Keywords: Osteosarcoma, Incidence, International, Bone Cancer, Epidemiology

Introduction

Primary malignant bone tumors account for 3 to 5 % of cancers in children and adolescents, but are rare in adults, corresponding to 1% of all cancers in adulthood.13 Osteosarcoma (OS) is the most commonly diagnosed bone tumor, accounting for 20–40% of all bone cancers.4 The average 5-year overall survival for individuals with localized OS is 80%.5 However, individuals with metastatic disease present lower short- and long-term survival rates.6,7 Osteosarcoma (OS) incidence has a bimodal age distribution, with peaks of incidence occurring in the 2nd-3rd and 7th-8th decades of life, respectively.4

Prior irradiation, chemotherapy with alkylating agents,8 heritable retinoblastoma,9 Li Fraumeni Syndrome, Rothmund Thomson Syndrome1012 and Paget’s disease of bone (PDB)13 have all been associated with increased risk for OS, but account for a small proportion of cases. The etiology of most OS remains unknown and international comparisons can help in the generation of new hypotheses. Thus, here we evaluate the pattern of incidence of OS in the Cancer Incidence in Five Continents (CI5) using the most recent dataset available. We also present an analysis of trends in incidence by evaluating the average annual percent change (AAPC) over the 25-year period from 1988 to 2012, for the first time, by geographic regions and stratified by age-groups.

Materials and Methods

We extracted data from the last five available volumes of the CI5 series to evaluate incidence rates and trends of osteosarcoma. Registries within the CI5 series adhere to strict quality criteria for inclusion and, since 1988, report histological classifications, facilitating an analysis of OS specifically rather than combined bone tumors.14,15 The data are available in five-year periods: 1988–1992, 1993–1997, 1998–2002, 2003–2007, 2008–2012.1620 We pooled registries within countries and further classified the registries into regional categories as defined by the United Nations Statistics Division (UNSD).21 Small sample sizes precluded us from categorizing regions in Africa or Oceania by the smaller subdivisions included in the UNSD scheme. We also excluded Central Asia as the CI5 data only had one country at one time period in the region. Therefore, the regions were categorized as North Africa, Sub-Saharan Africa, Caribbean, Central America, South America, North America, Eastern Asia, South-eastern Asia, Southern Asia, Western Asia, Eastern Europe, Northern Europe, Southern Europe, Western Europe, and Oceania.

The age-standardized incidence rates (ASRs) are expressed per million population and were calculated using the World Health Organization (WHO) 2000–2025 world standard population.22 In order to evaluate peaks in incidence during the latest time-period (2008–2012), cases were aggregated into five age-groups (0–9, 10–19, 20–29, 30–59, 60–79) and stratified by sex and geographic region. The 80–84 and 85+ age-groups were excluded from the analysis due to insufficient population sizes, specifically some regions had no data for this age group limiting any comparability. ASRs with less than 5 cases were not presented in tables. We calculated 95% confidence intervals (CI) using Poisson approximation.

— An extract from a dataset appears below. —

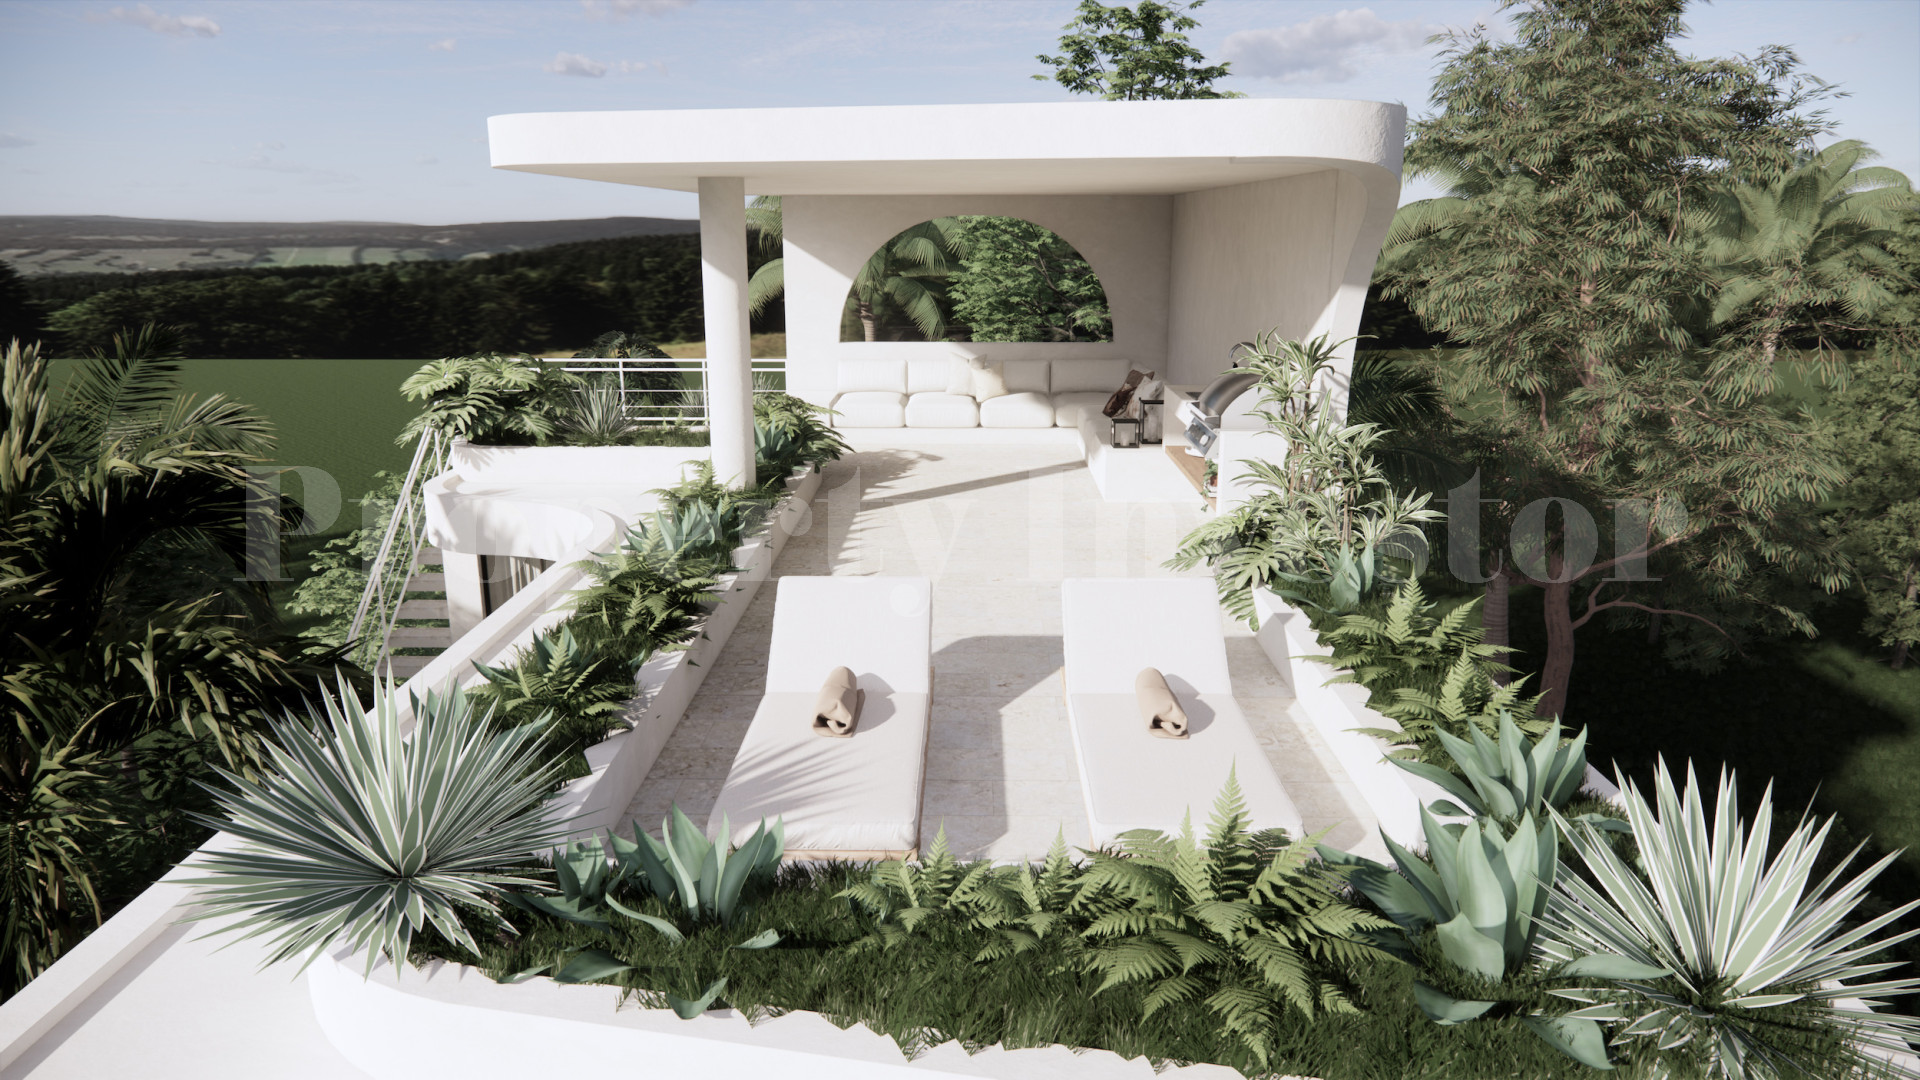 Продаётся современная роскошная вилла на 3 спальни с видом на океан под строительство от 395000$ в Улувату на Бали

We assessed trends in incidence of OS by calculating the average annual percent change (AAPC) and 95% CIs using Joinpoint software. This technique applies regression lines on a logarithmic scale which best fit over the ASRs according to underlying joinpoints.23 The slope coefficients obtained represent the annual percent change (APC) of each joinpoint segment and AAPC is calculated as the weighted average of the coefficients.23 As there was no joinpoint observed in the five time-periods, the AAPC is equal to the APC. We calculated AAPC in all ages (0–79), in five age-groups from 0–9 to 60–79, and sex-stratified in combined and specific age-groups. AAPCs with less than 5 cases for more than 2 time periods were excluded from the analysis.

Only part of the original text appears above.